I made it to the water. Like a fish heeding the call of its ancestral pools, I was pulled down to the Gulf despite exhaustion, weather, and work. For all the years that I've come to this same place, I've always gone down to the water no matter how late in the night I arrive or how tired I might be. Tonight was the closest I've come to missing that moment. But I convinced my family that I was alright for the journey down to the shore. Half a watermelon and two shots of vodka later, I made the slow journey through the night.
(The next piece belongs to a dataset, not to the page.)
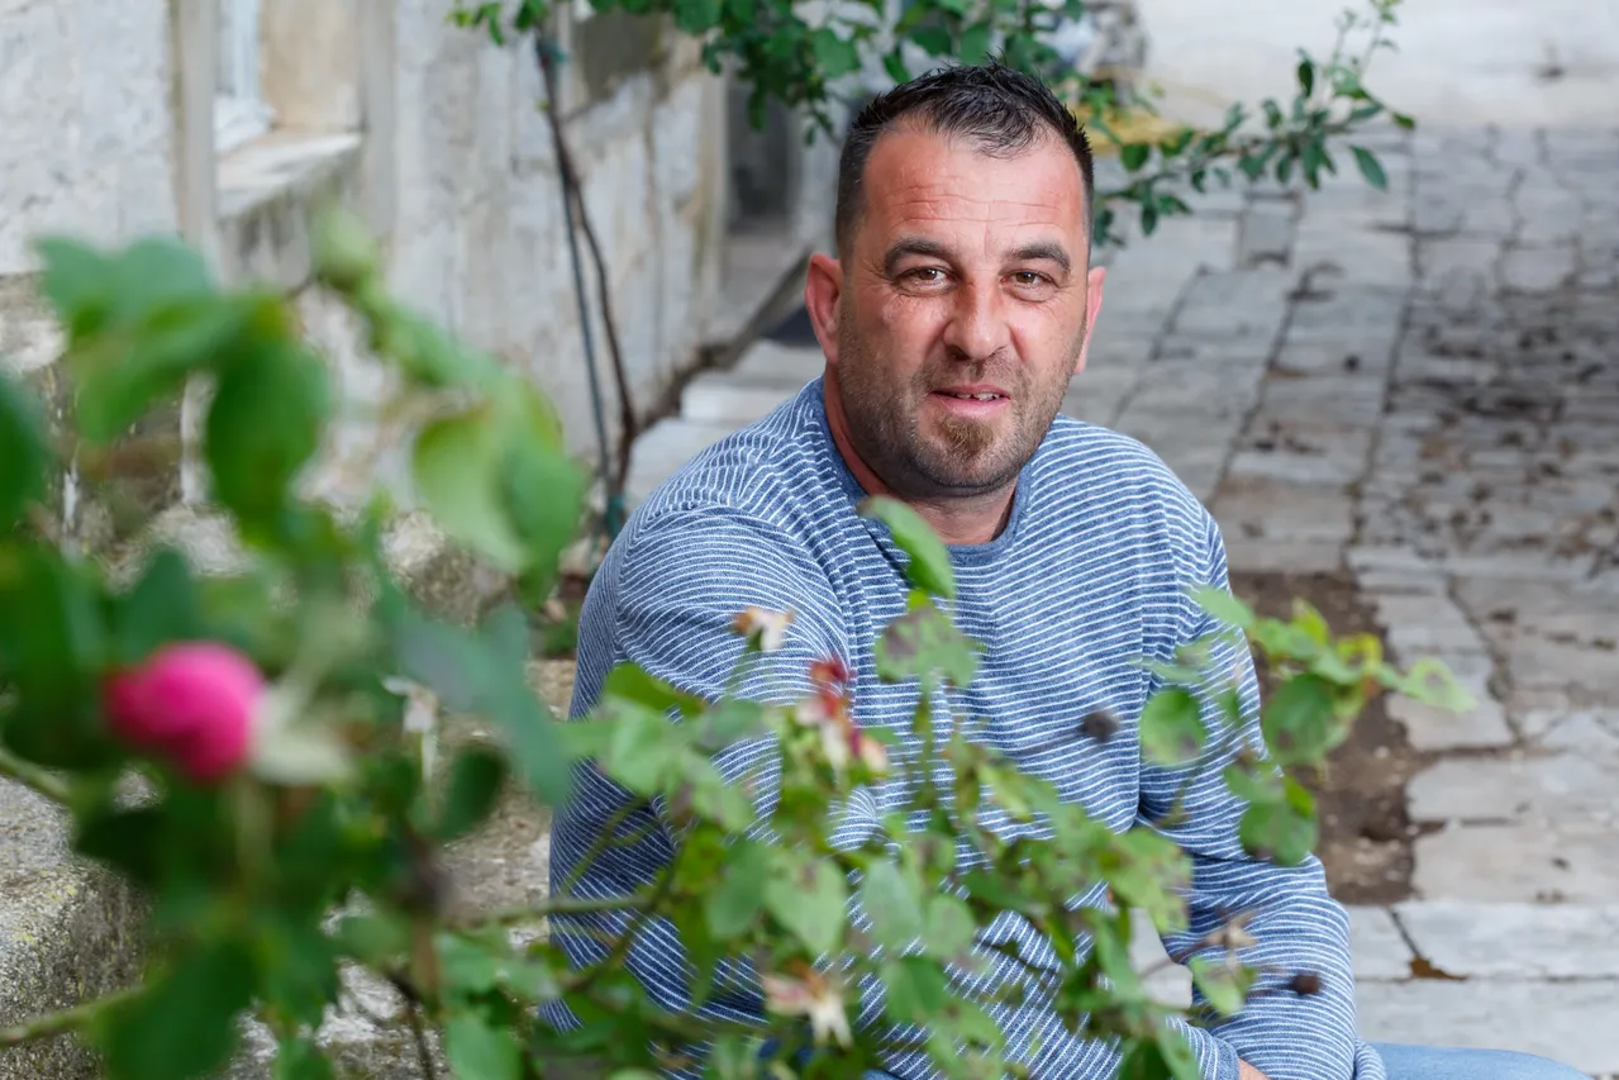 Ante Munitić (44) stiže iz mjesta Donja Banda na Pelješcu, električar je po struci te ima vinograd i konobu. Za sebe kaže da je ponekad predobar i dosta tolerantan, ali i temperamentan te tvrdoglav.

I laid on a chair and watched the lightning storm that I'd been chasing in my car for five hours. In my peripheral vision, the neighboring buildings only gave dim light (a preventative measure to not confuse sea turtles in search of nesting grounds). The buildings were like the last outposts of human civilization deep in space. Before me, everything was black. There was no delineation between the sea and the sky. Only staring could reveal the shapes and shifting patterns of aether into an "above" and "below." The sky churned and condensed until it erupted into explosions of light, and the darkness curled upon itself to make whitecaps. Here was the making of a dark universe, a view past the assumptions of humankind and a glimpse at the destructive power of nature.

Only two years ago, I laid on this same beach chair during a sunset. I had been talking on the phone with my partner when, all of the sudden, I saw a dolphin jump out of the water and into the sky. I could only say, "Oh, shit!" Again, it leapt out of the water and glistened in the setting sun. "Holy shit!" Over the phone, it must have sounded like I was being strangled or had seen some massive danger coming toward me. It had been one of the most enchanting moments of my life during one of the happiest years I've lived.

I thought about that warm, beautiful night made all the more meaningful for sharing it with the woman I loved. Even though it sounded to her like I was about to be murdered, my happiness had debilitated my ability to formulate sentences beyond gleeful cussing.

And now there's a tempest that blasts sand across my face. How different life has become since then. So dark and tumultuous.

Somehow, despite the storm, I fell asleep on the fold-out chair. A phone call woke me up. Work. The store's security system was triggered. As I talked--yelled--multiple walls of mist blew off the water and tore away my voice. The wind was relentless. It crumbled my hearing. I could only yell to the security representative that I'd take care of it, and then hope that he heard me before hanging up.

This is crazy, right?

No, in fact, this was not crazy. This was entirely appropriate. The perfect metaphorical environment I could never imagine but only live within.

I had to find shelter or I would be pulled into undertow. I would fall asleep despite the apocalyptic storms and wake up adrift in the black nothingness that faces me. My thoughts were pulled by an invisible force toward oblivion. I pushed myself up from the jaws of the chair and shuffled across the dunes.